And where the ECB goes, it looks likely that the Bank of England will have to follow. The UK economy last week showed that it is suffering from stagflation, with real GDP growth confirmed as having slowed in Q4 2010, contracting 0.5% q/q.

While the poor performance was mainly due to poor weather, the data also showed that underlying activity has stalled. Clearly, this is not a good starting point for the expenditure cuts and national insurance increases which will come through in Q2. However, retail price inflation is a very real problem running at 5.5% y/y – the highest level since July 1991. The Bank of England may well prefer to wait until the impact of the cuts is felt, but the stickiness of inflation could force their hand sooner.
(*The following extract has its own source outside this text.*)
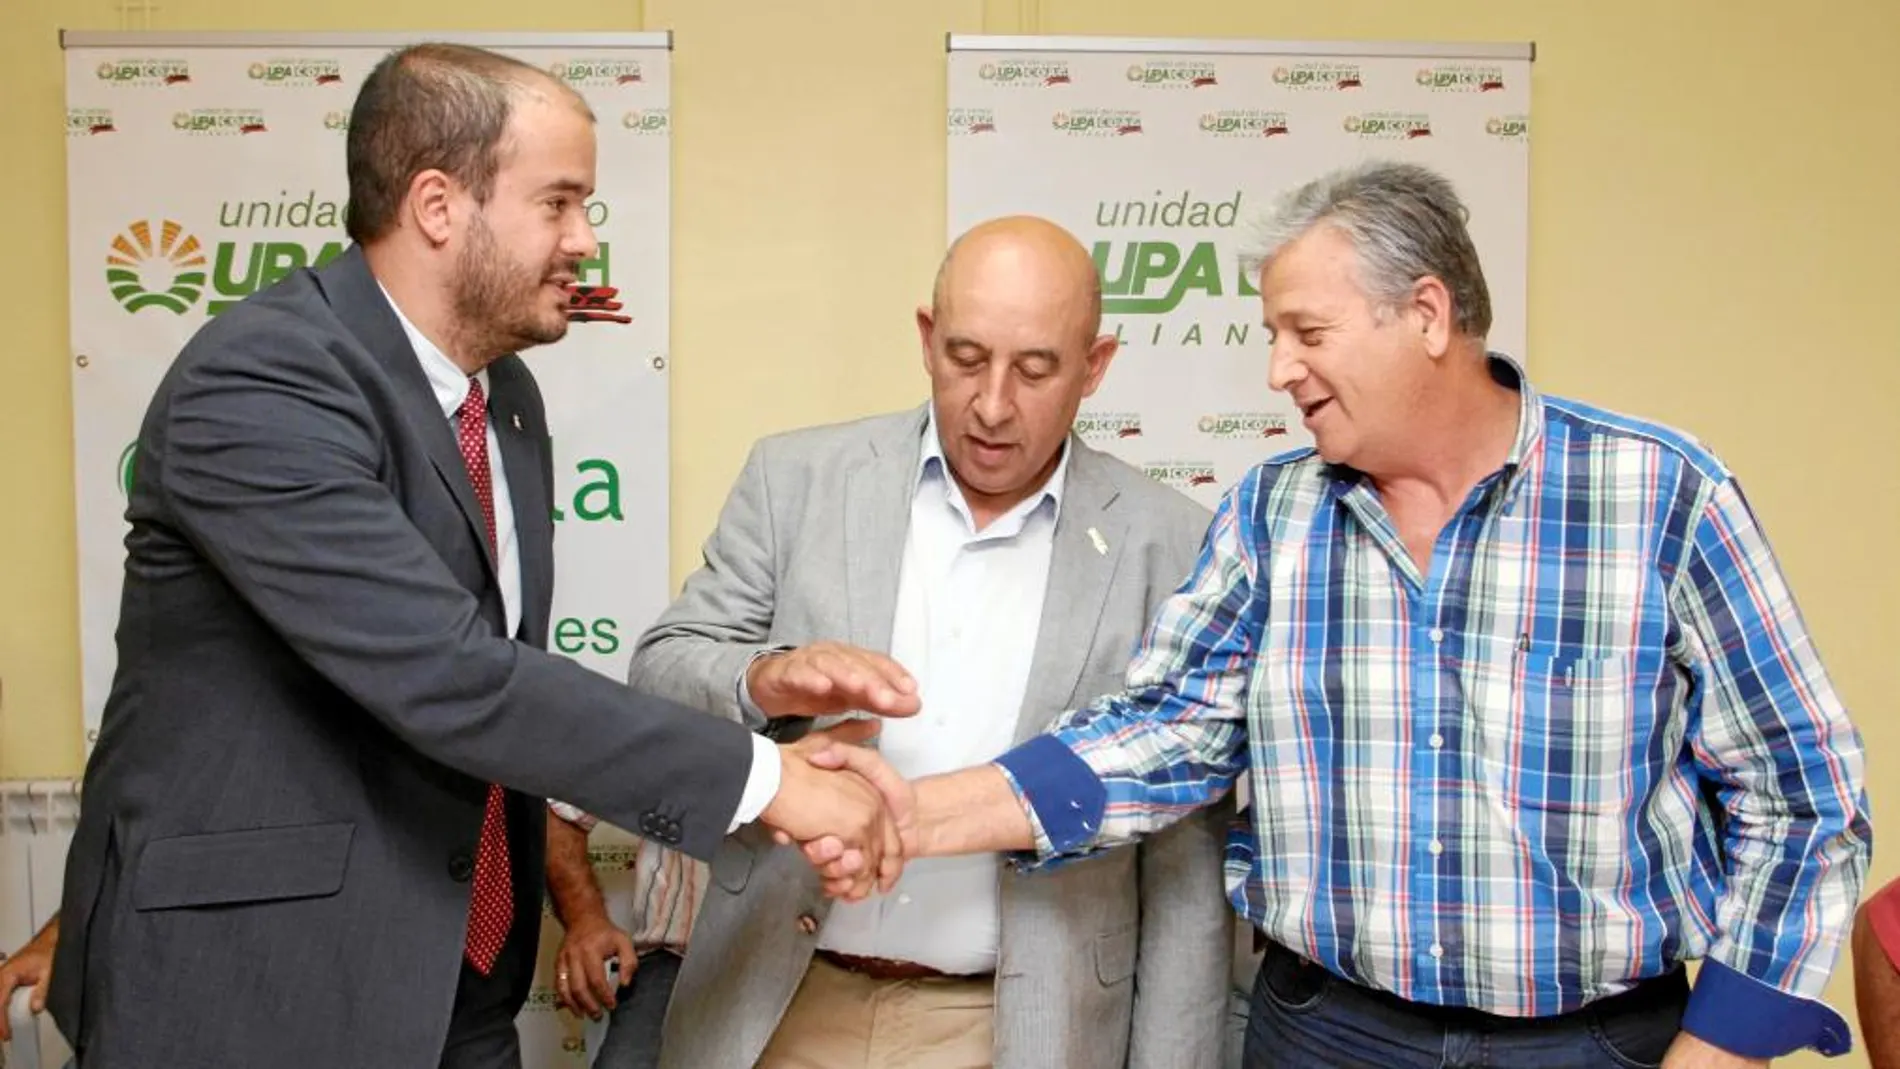 Julio López y Aurelio Pérez, de Alianza por la Unidad UPA-COAG, firman un acuerdo con Vicente Merino, de la empresa Magdala & Mf Investment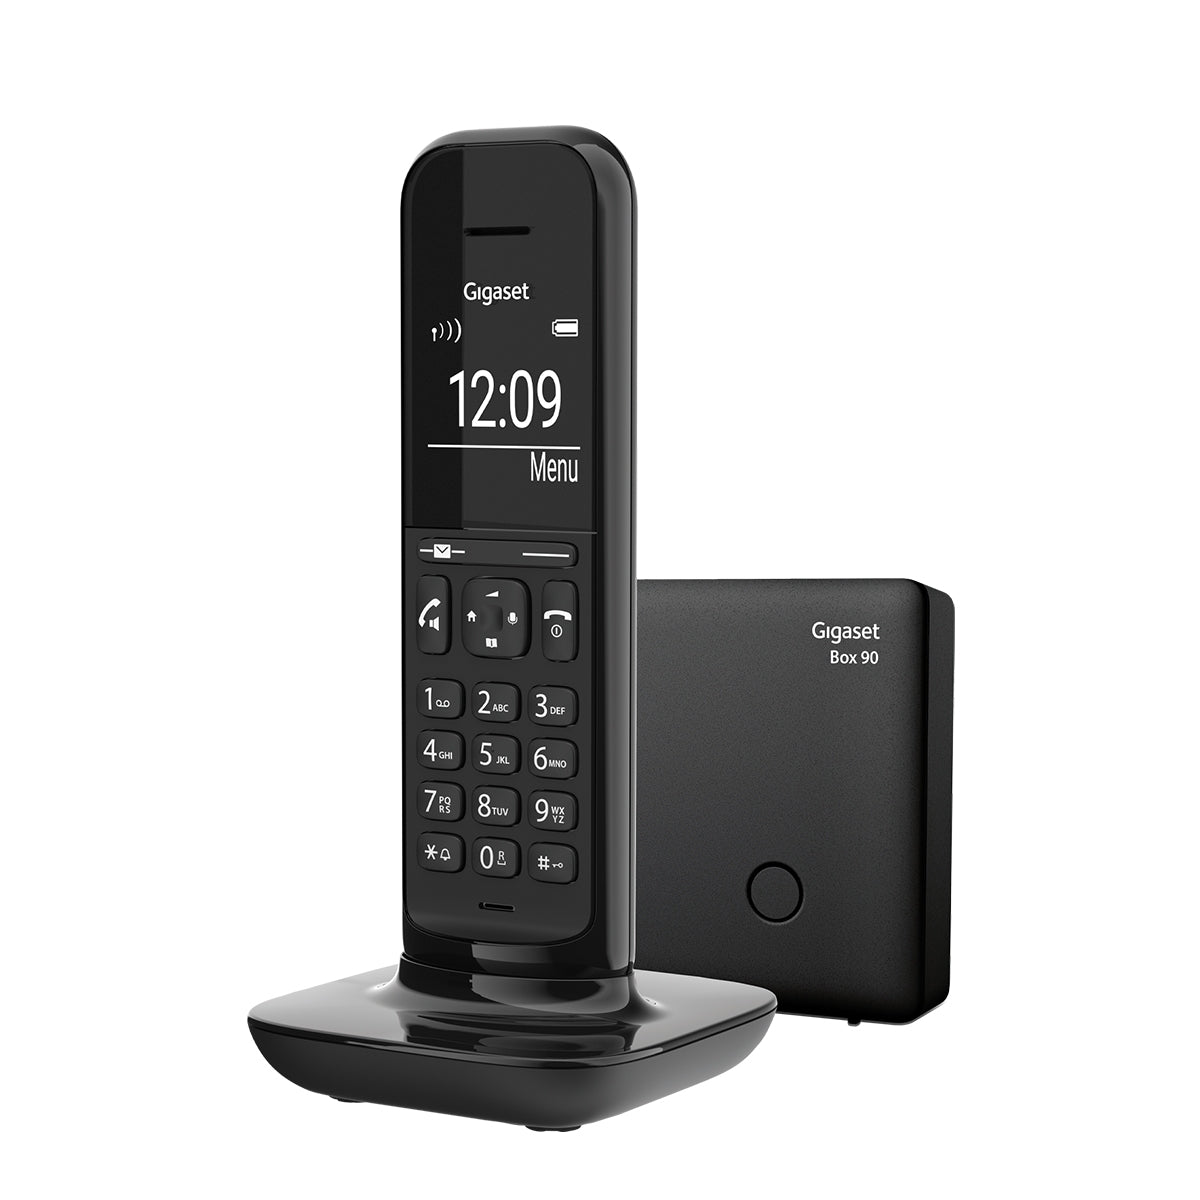 Image of Gigaset Hello Designer Cordless Phone - Black, Single Handset Without Answer Machine

The biggest crapshoot in the next few weeks will concern the actions of the Bank of Japan (BoJ), which has increased its current account balances (part of the monetary base, or high powered money) to JPY 40.8tn. This is equivalent to USD 485bn, or about 26% of US M1 money supply. It is reported that the Japanese central bank will act to withdraw this accommodation by the end of April, which if true could be disruptive to markets. With the yen now seen increasingly as a carry currency, the actions of the BoJ have almost certainly boosted global liquidity

One theme that could concern markets is inflation, which could build if the BoJ does not withdraw liquidity in a timely fashion. There have been a number of disappointing inflation announcements in the past weeks, including from the UK and from the eurozone, where headline inflation was well above consensus at 2.6% y/y in March. Our Deflation Alert Measure, which looks at market-related variables to gauge concerns over inflation or deflation, has been concerned about inflation recently.